## What you should do
Of all the entries below, retype only the lines from the one with "Oil on canvas, 20" through the one with "NTG5 Audio-20 USB Port.", exactly as they appear.

## Records for the task
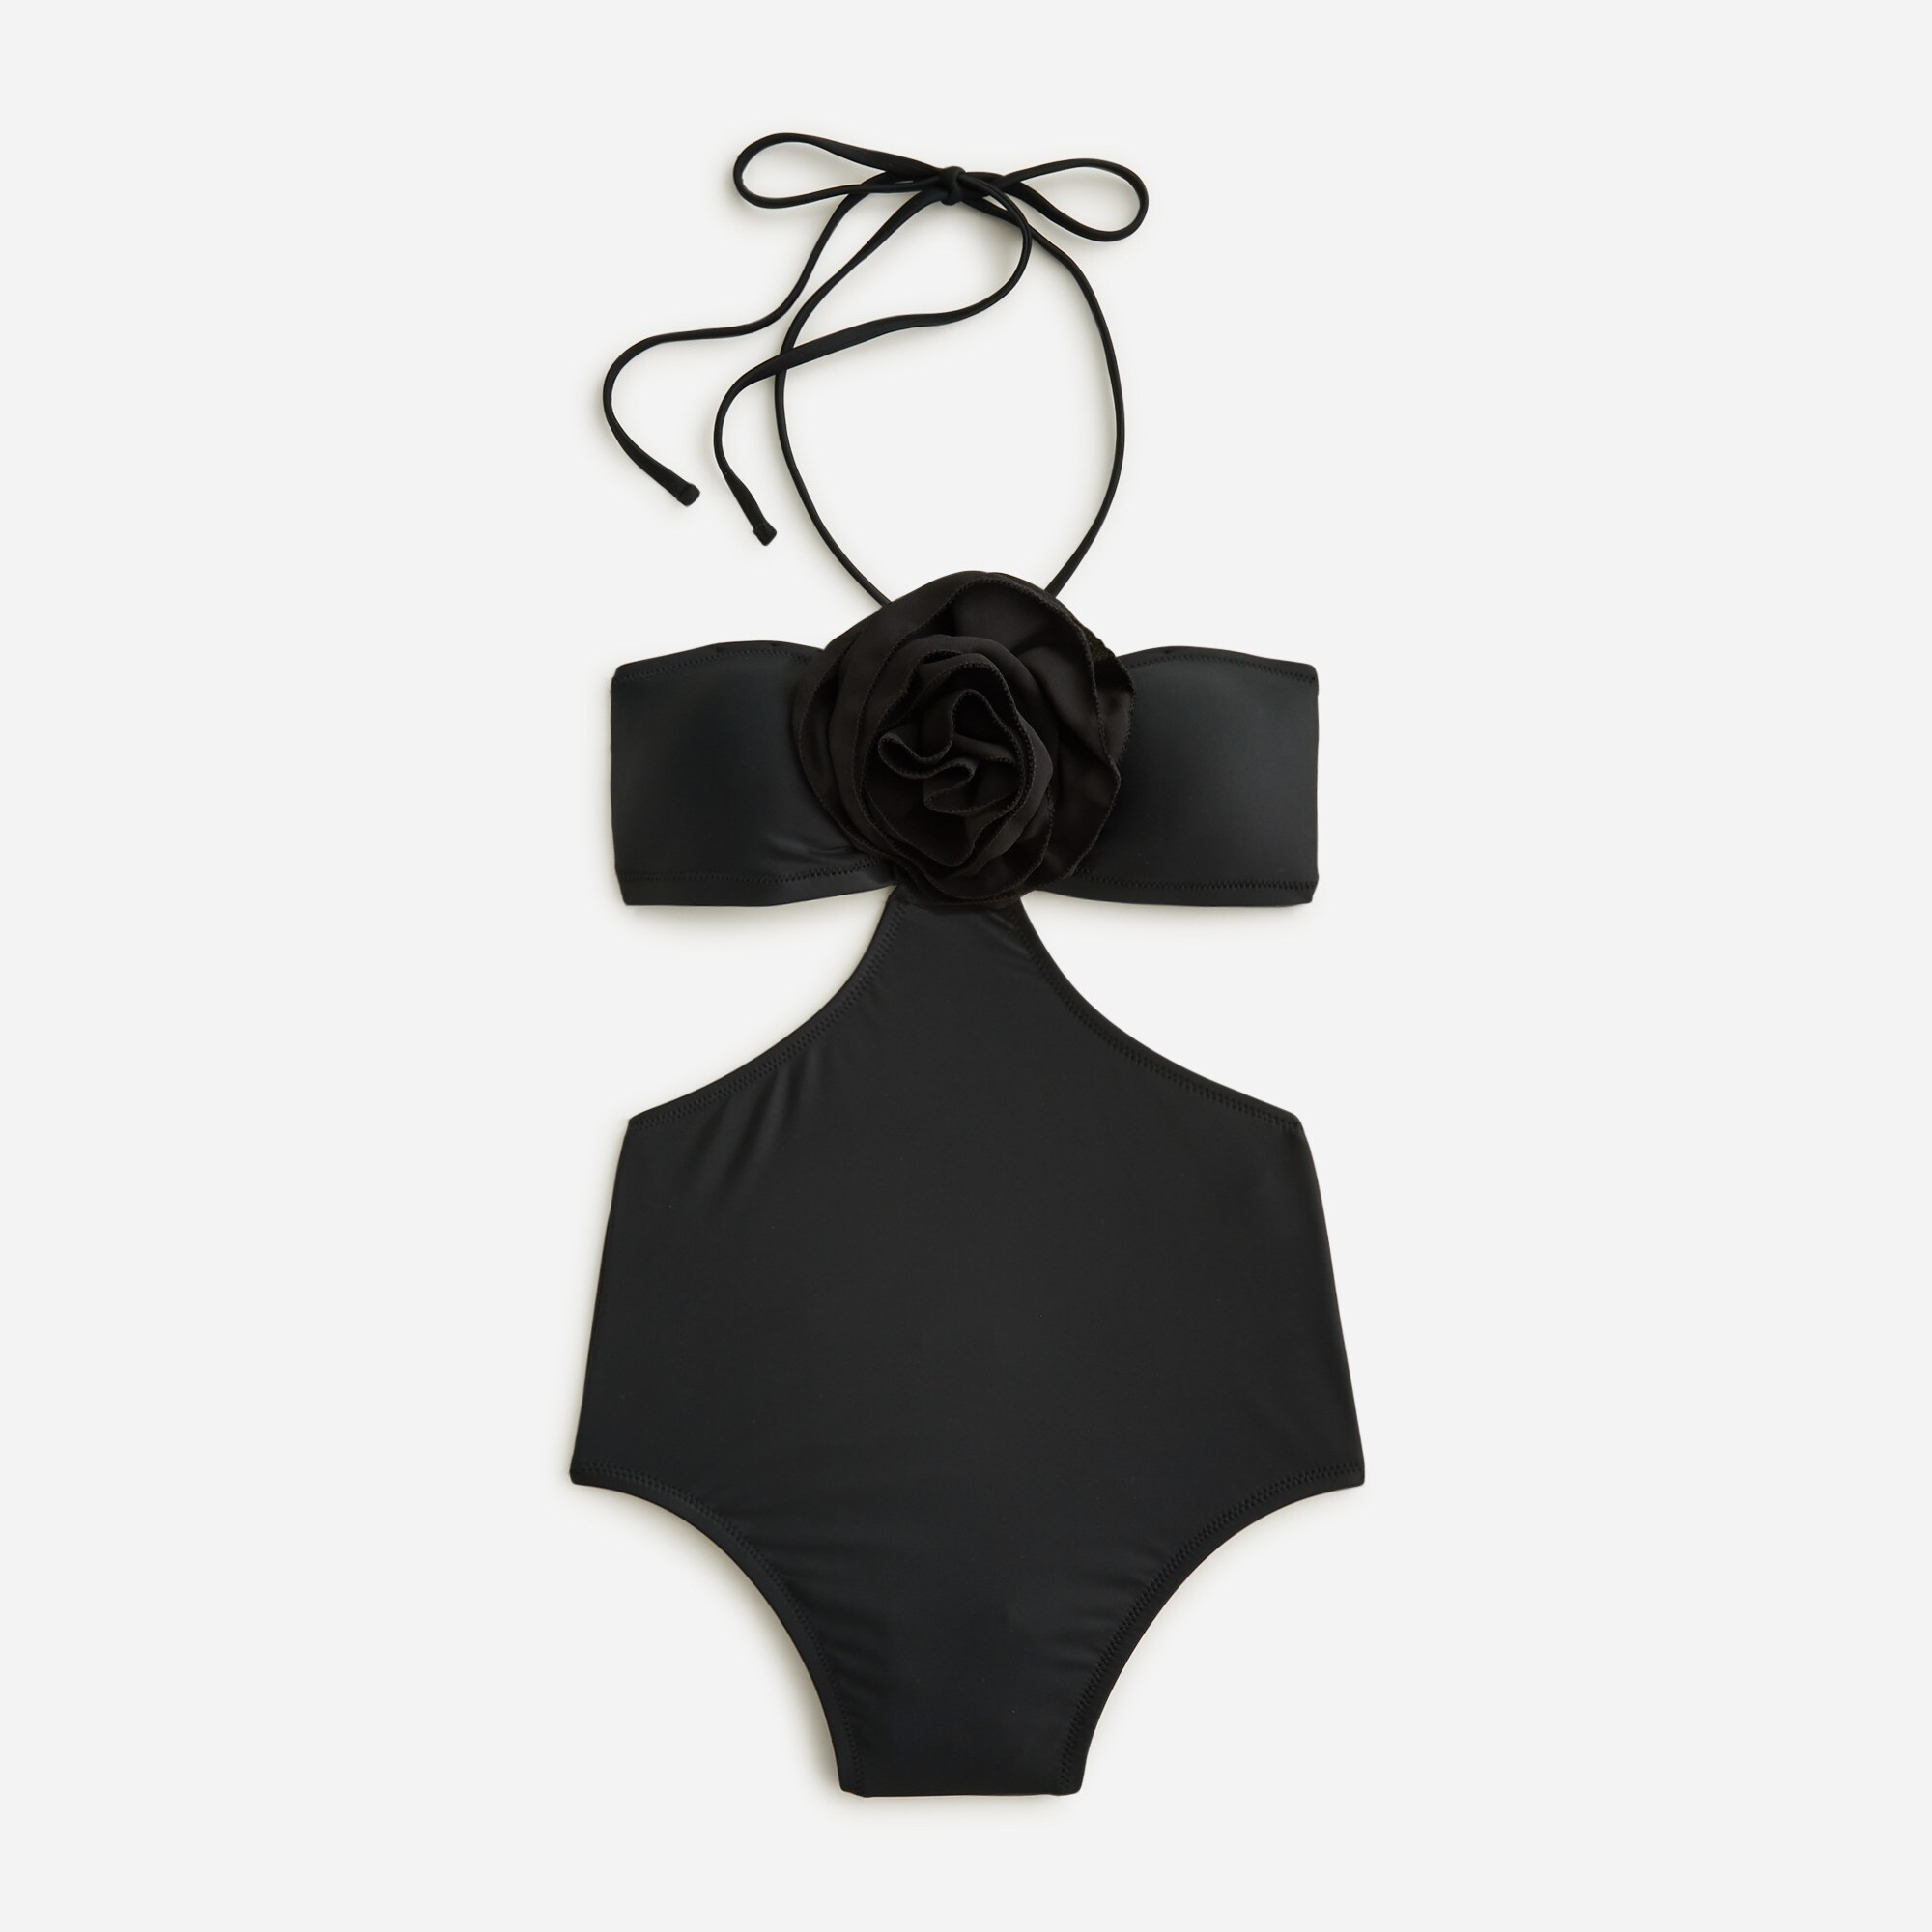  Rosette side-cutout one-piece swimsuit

--

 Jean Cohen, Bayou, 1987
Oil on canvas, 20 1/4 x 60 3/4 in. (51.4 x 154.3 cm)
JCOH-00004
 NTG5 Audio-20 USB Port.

## Answer below
Oil on canvas, 20 1/4 x 60 3/4 in. (51.4 x 154.3 cm)
JCOH-00004
 NTG5 Audio-20 USB Port.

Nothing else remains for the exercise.